Since then, Holland’s group has treated at least 41 severely ill valley fever patients referred by Galgiani and other doctors.
Zeroing in on genes that predispose people to severe valley fever reactions could make an important difference when it comes to prevention. Those who know they are vulnerable to infection could make sure they stay indoors during dust storms and avoid occupations like construction that stirs up the soil.
Does early treatment make a difference?
At the same symposium where NIH’s director Collins promised more of a focus on valley fever, he also announced plans for a clinical trial to find better ways to treat the disease.
“It will take some time to mount this trial, to plan it, to put it forward, but I just want to assure all of you from this part of California that we’re serious about trying to get some of those answers even in the face of difficult budget times,” Collins said.
Two years later, in June 2015, NIH’s National Institute of Allergy and Infectious Diseases moved the clinical trial forward by awarding $5 million to the Duke Human Vaccine Institute at Duke University in Durham, North Carolina.
That trial is now getting underway. More than 1,000 patients are being recruited in California and Arizona to see if early treatment with the drug fluconazole will block the cocci fungus from causing severe illness by halting the disease’s migration to bones, organs, and the brain. Currently many patients are misdiagnosed for weeks while doctors treat them for the flu or pneumonia. Once valley fever is diagnosed, fluconazole is the main drug doctors use to control the disease, but it is often prescribed too late.
Depending on their progress, the researchers could receive an additional $4 million. Duke is working with doctors at Kern Medical in Bakersfield, the University of Arizona, and Banner Health in Tucson.

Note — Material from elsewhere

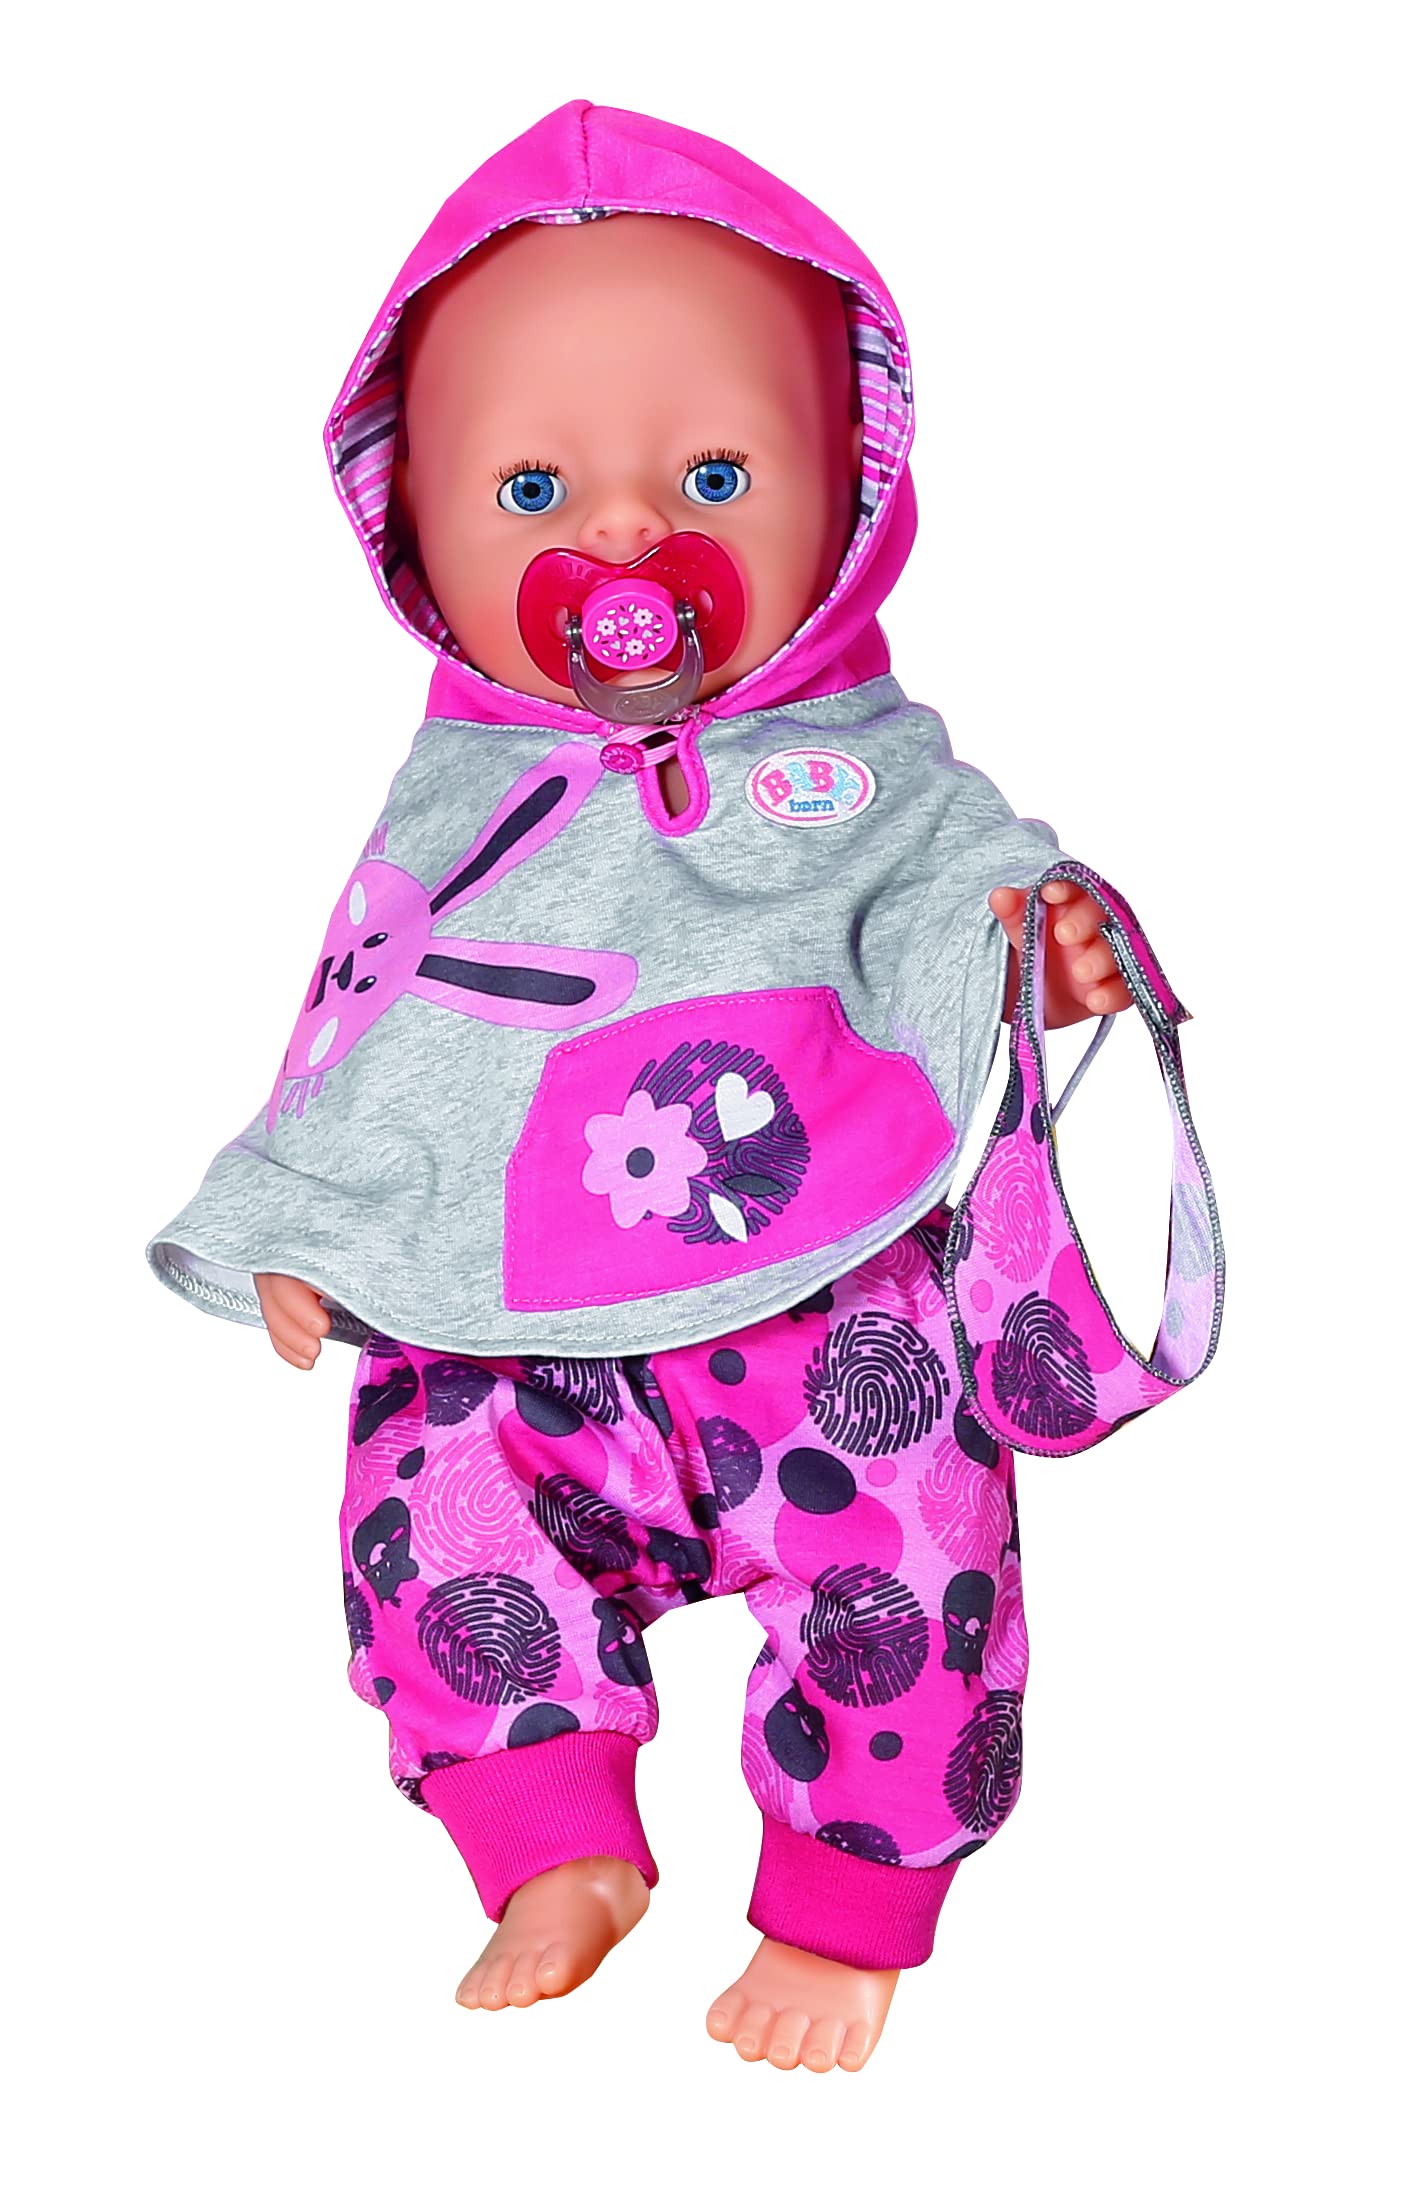 BABY born Deluxe First Arrival 832561 Clothing Accessories for 43cm Dolls for Toddlers - Includes 9-Piece Clothing Set & Dummy Eye Function - Suitable from 3 Years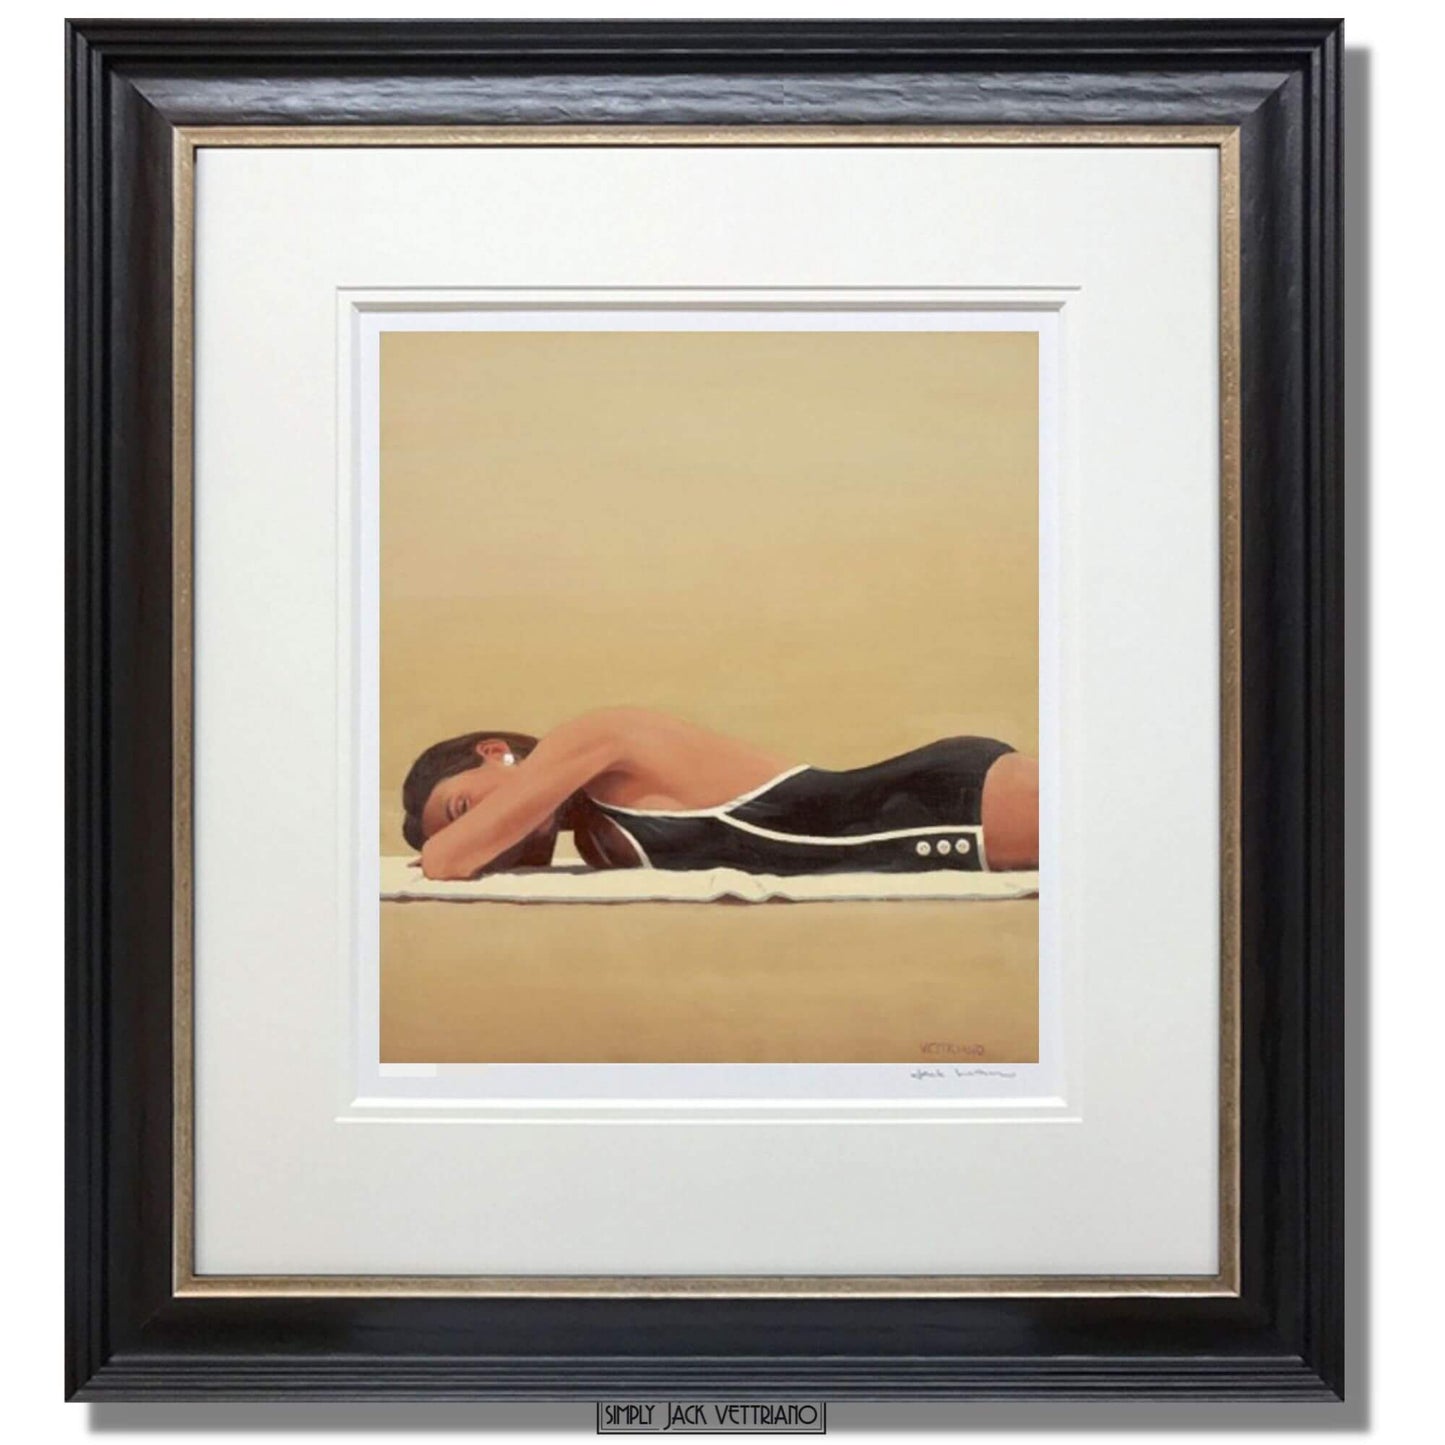 Scorched by Jack Vettriano Limited Edition Framed

Patients will be recruited in areas with a high concentration of valley fever cases, including Bakersfield and the Antelope Valley region of Los Angeles County in California and the Phoenix and Tucson regions of Arizona. Half of the patients will be given fluconazole and the other half will receive a placebo.
Dr. Royce Johnson, an infectious disease specialist at Kern Medical has been treating and studying valley fever cases for more than 40 years. He’s hopeful the Duke study will improve treatments and increase public and medical awareness.
“It’s been impossible to interest private industry in doing any study on cocci to speak of,” Johnson said. “The drugs that we use to treat cocci are all approved for something other than cocci, and we use them to treat cocci.”
Because, for now, that’s all we have, Johnson said.